Ask HN: When someone makes bad remarks on your project, how do you go about it? - rahulskn86
Should you be defensive for your current project?<p>Accepting seems like correct thing to do, since there are always things to improve in code base or the original design assumptions may not be true anymore etc.<p>However, practically I see that it is taken as admission of incorrectness and then it quickly starts to pile up. The code becomes a blame arena for all future problems too.<p>What is the best way to handle the situation?
======
superimposition
Do NOT accept it as admission of incorrectness. That will typically create an
image that you're not a good worker, even when you're just trying to be polite
to the person giving feedback.

Here's the pattern that I've found useful: 1/ Rephrase the feedback "What I
heard you say...". This buys you a bit of time and putting feedback in your
words takes the personal sting out 2/ Turn it into a non-hostile discovery
discussion by saying something like "I'm interested in understanding why you
think x, y, z...". Layer in any relevant context in your question phrasing...
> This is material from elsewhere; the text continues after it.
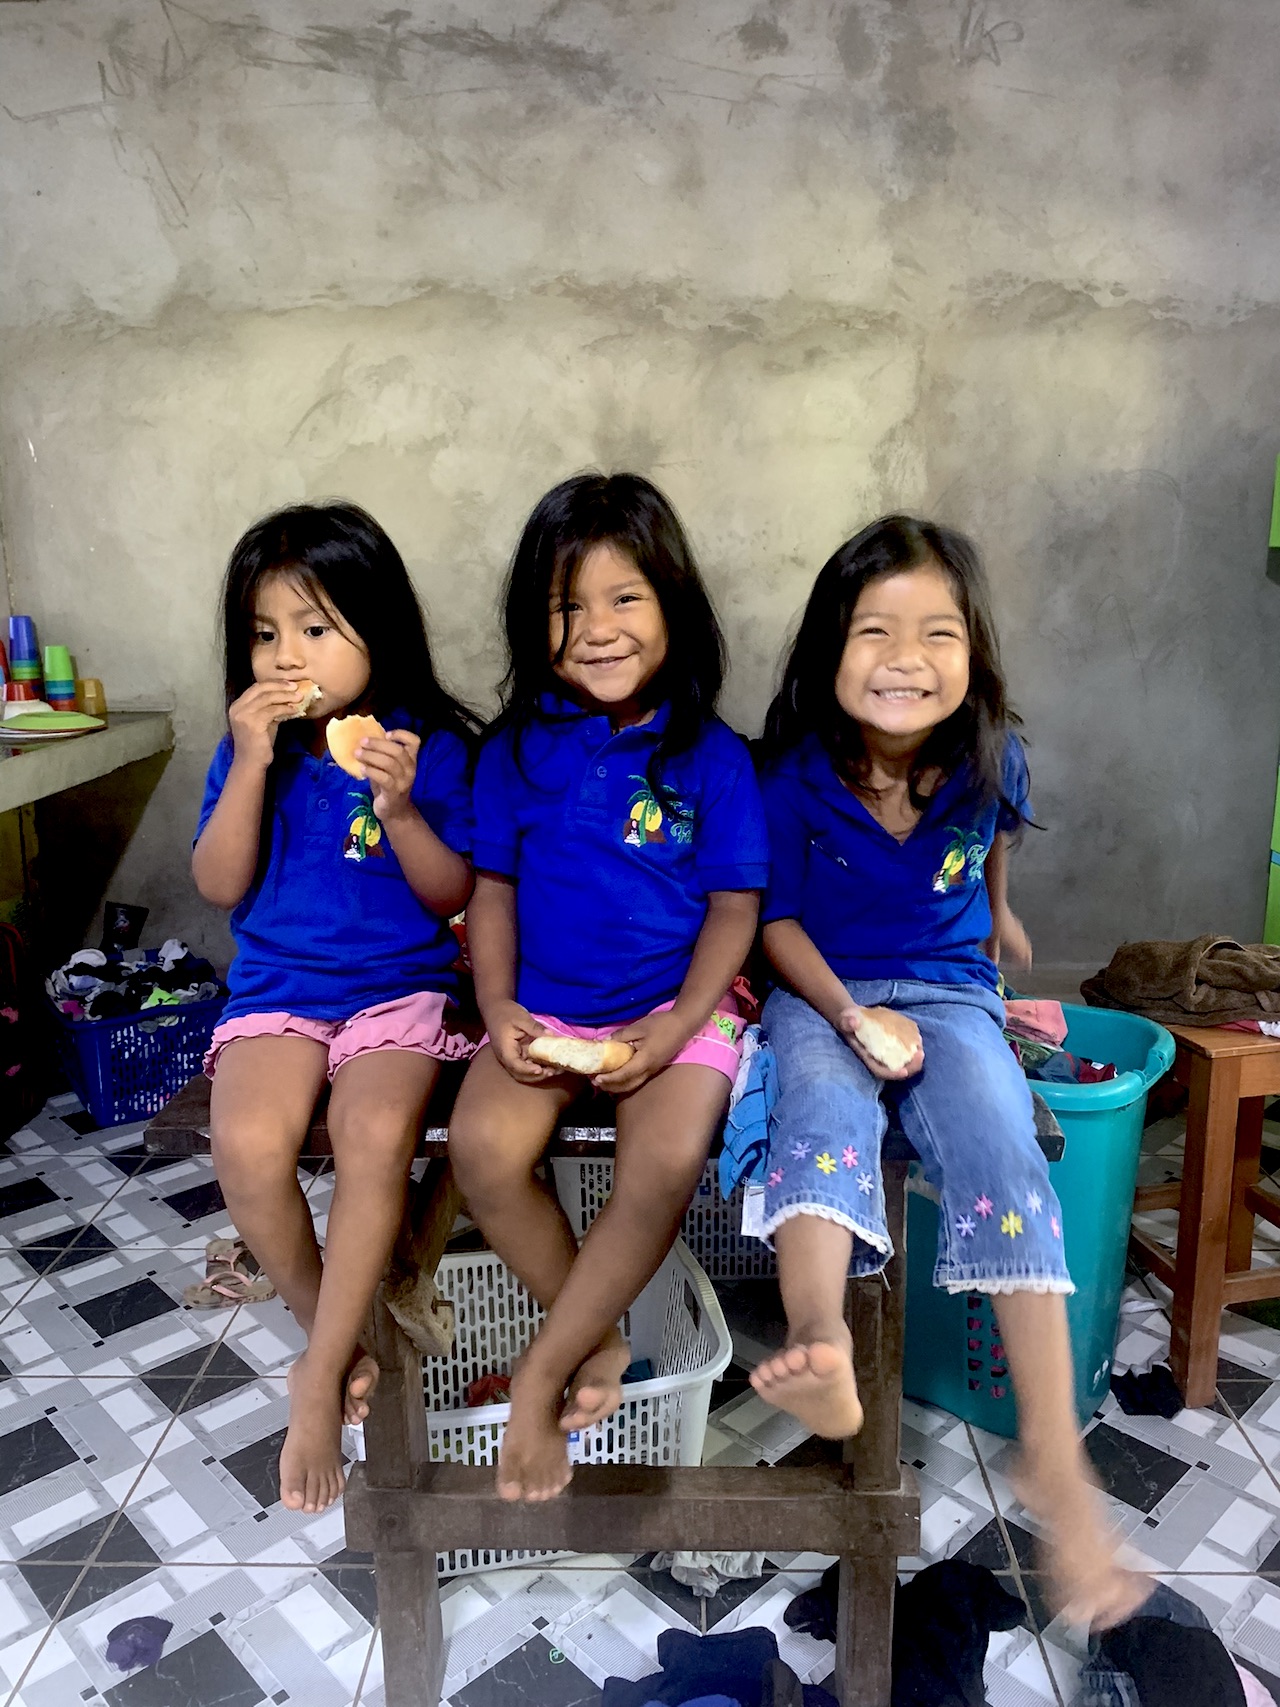 Pic of three little girls from Familia Feliz

e.g. if the feedback is contradicting the project objectives then you may want
to add that in your question 3/ Rephrase what you heard in your own words 4/
Repeat steps 2-3 until you have sufficient clarity 5/ Decide the appropriate
next steps and articulate that. A feasible next step might be to take no
action because you either resolved the issue through discussion or identified
it's not a priority

------
tiord
I think it really depends on the context, and of course on what the remark is.
I am not sure I understand what do you exactly mean by "bad remark". IMHO, in
addition to what superimposition wrote below, you should evaluate if the
remark (comment) stands or not, if it is well argumented, and if you can learn
something from it. If yes then learn fro,m it, if no then give an argumented
response. IN any case, be polite and curious.